Motorbikes can be rented in every major towns for a standard rate of 70’000Rp per day. This a great way to explore on your own an area.
Beware that motorbikes have to be brought back to where you’ve rented them. As far as I know, the only guy proposing to rent a bike at one end of the island and to drop it at the other is Didakus the owner of Lena House near Maumere. He rents his bike at 70’000Rp a day, if you wan’t to drop them in Labuan Bajo the deal is as following :
- If you find someone in Labuan Bajo to bring it back to Maumere, then you pay the normal rate of 75’000Rp per day and pass the motorbike to the other person after checking Didakus’s partner in Labuan Bajo.
- If you cannot find someone to bring it back, then you pay a daily rate of 150’000Rp instead.
As long as you stay on the Trans-Flores road, the driving conditions are good.
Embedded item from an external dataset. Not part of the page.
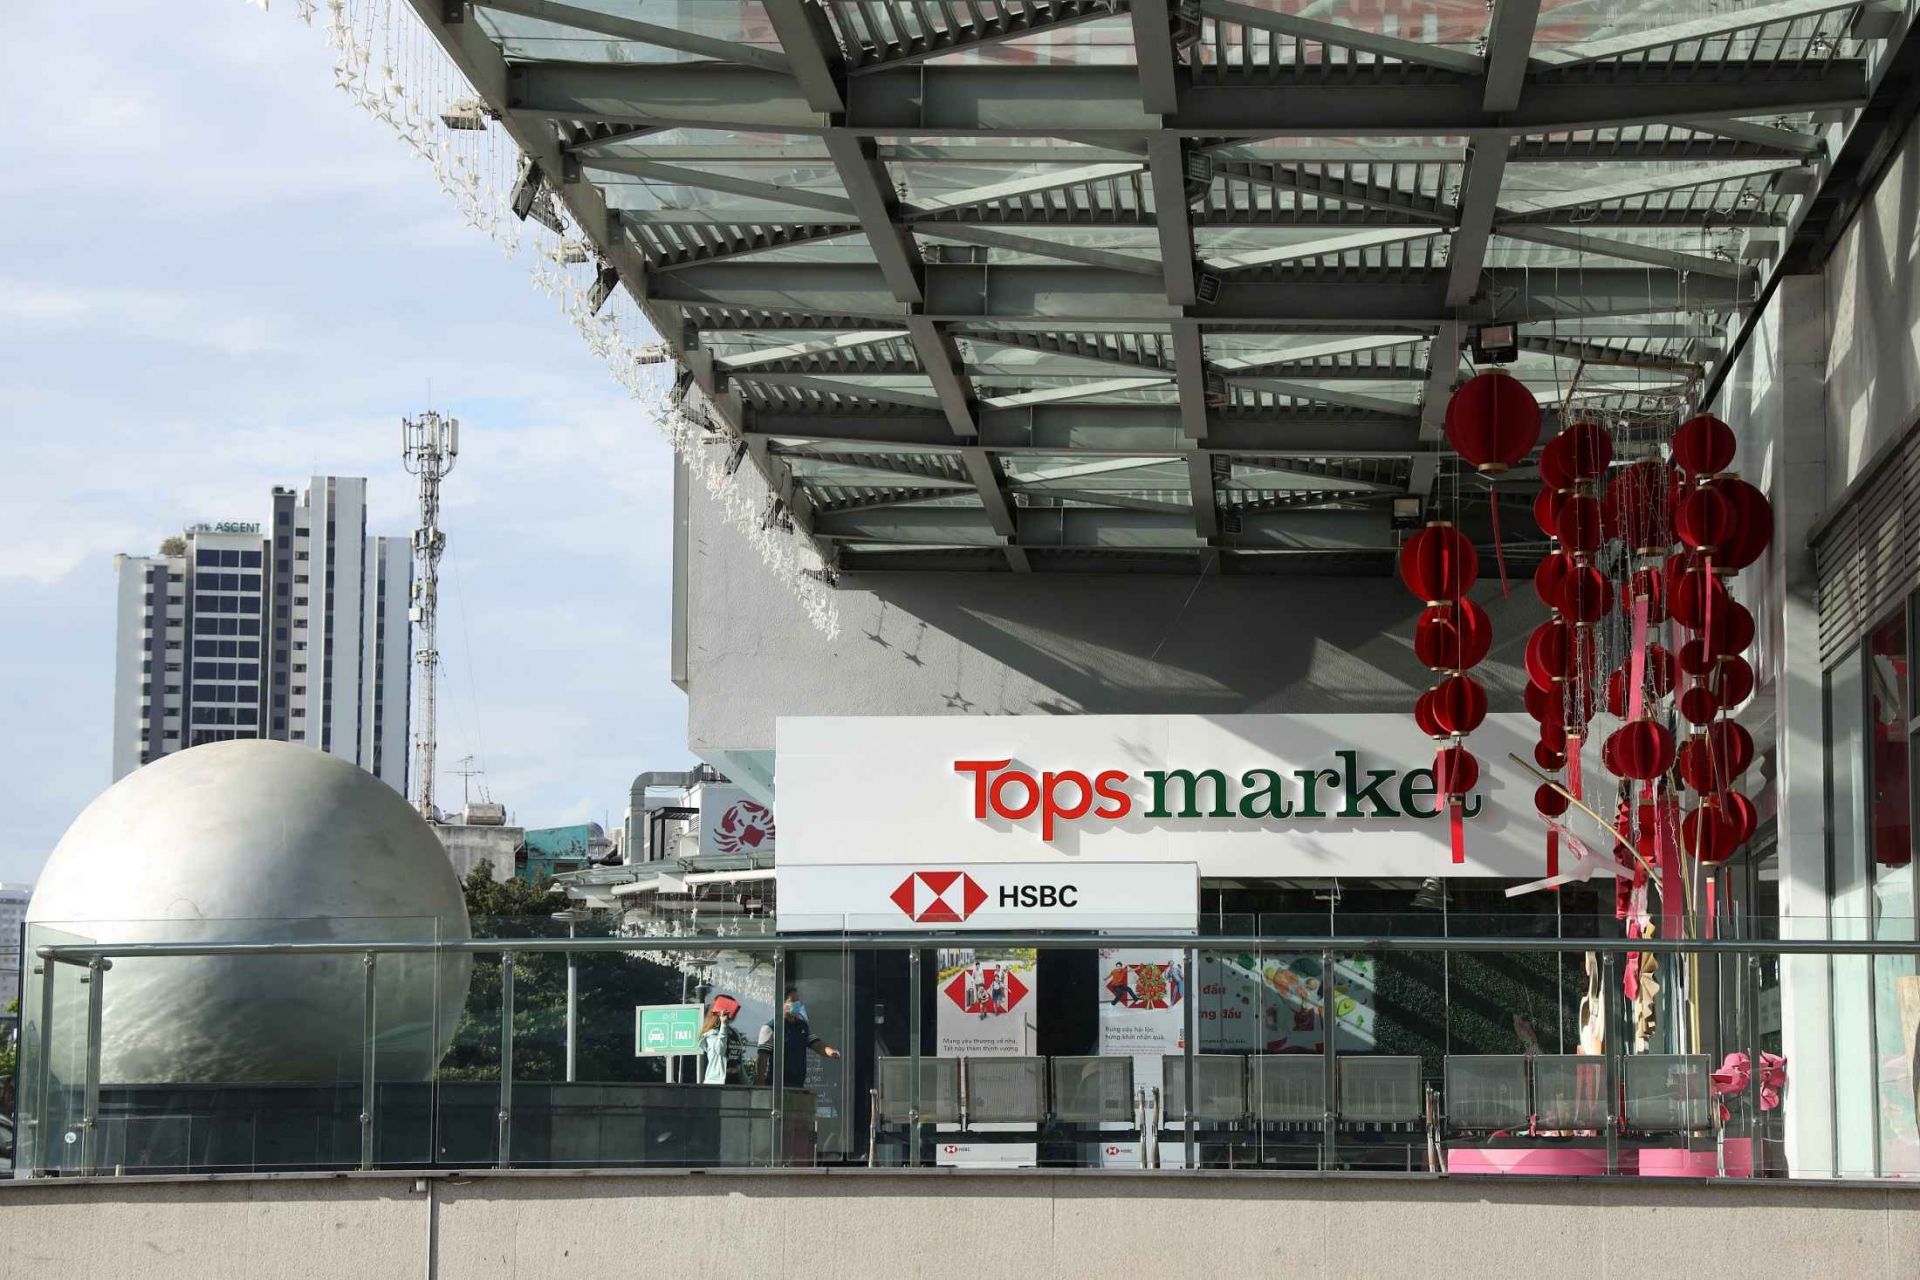 Central Retail mới đây cũng vừa ra mắt cái tên mới là Tops Market, chuyển đổi từ 7 siêu thị Big C sang

Beware of sharp turns though.
I remember that sometimes you can see motorbikes attached at the back of minibus so it might be possible to take the bus with your motorbike if you are tired.
Hiring a car with a driver is also possible. I have never done that. Given Bali’s rates, I would expect to pay 600-800’000Rp per day including gas.
Here is a list of some budget accomodation in each main towns. My main concern are price and location. I don’t care about getting AC, Wi-fi (use 4G) or breakfast (buy it on the street).
In Labuan Bajo :
- Hotel Mutiara. Starting from 100,000Rp (double room, fan, simple breakfast). Great location. 150’000Rp for a double room with AC. Cheaper dorms available in town a bit farther from the seafront. Motorbike rental for 70’000Rp a day.
In Ruteng :
- Budget : possible to find double room for 150,000Rp
- More comfortable : Hotel Rima. Double room for 250,000Rp. Ruteng is cold, you might want hot shower. Motorbike rental for 75’000-125’000Rp a day depending on where you want to go.
In Bajawa :
- Budget : Dagalos Homestay. Double room 150’000Rp, hot shower, breakfast. Great family, the daughter speaks good English even if I remember well. Motorbike can be rented in Edelweiss homestay less than 100m away for 70’000Rp a day.
In Ende :
- Hotel Ikhlas, simple solo room from 80,000Rp. Walking distance from the airport. Have a few motorbikes available for rent.
In Moni :
- Budget : double room from 150,000Rp (but in really poor condition).
In Maumere :
- Hotel El Tari, solo room from 110,000Rp, share bathroom, AC, breakfast. They have a couple of motorbikes available for rent.
- Other accomodation available east of town on the seafront (black sand). Lena House is a good one, rents motorbike, great staff. No options to eat outside nearby. 150’000Rp for a double room, cold shower, fan, breakfast.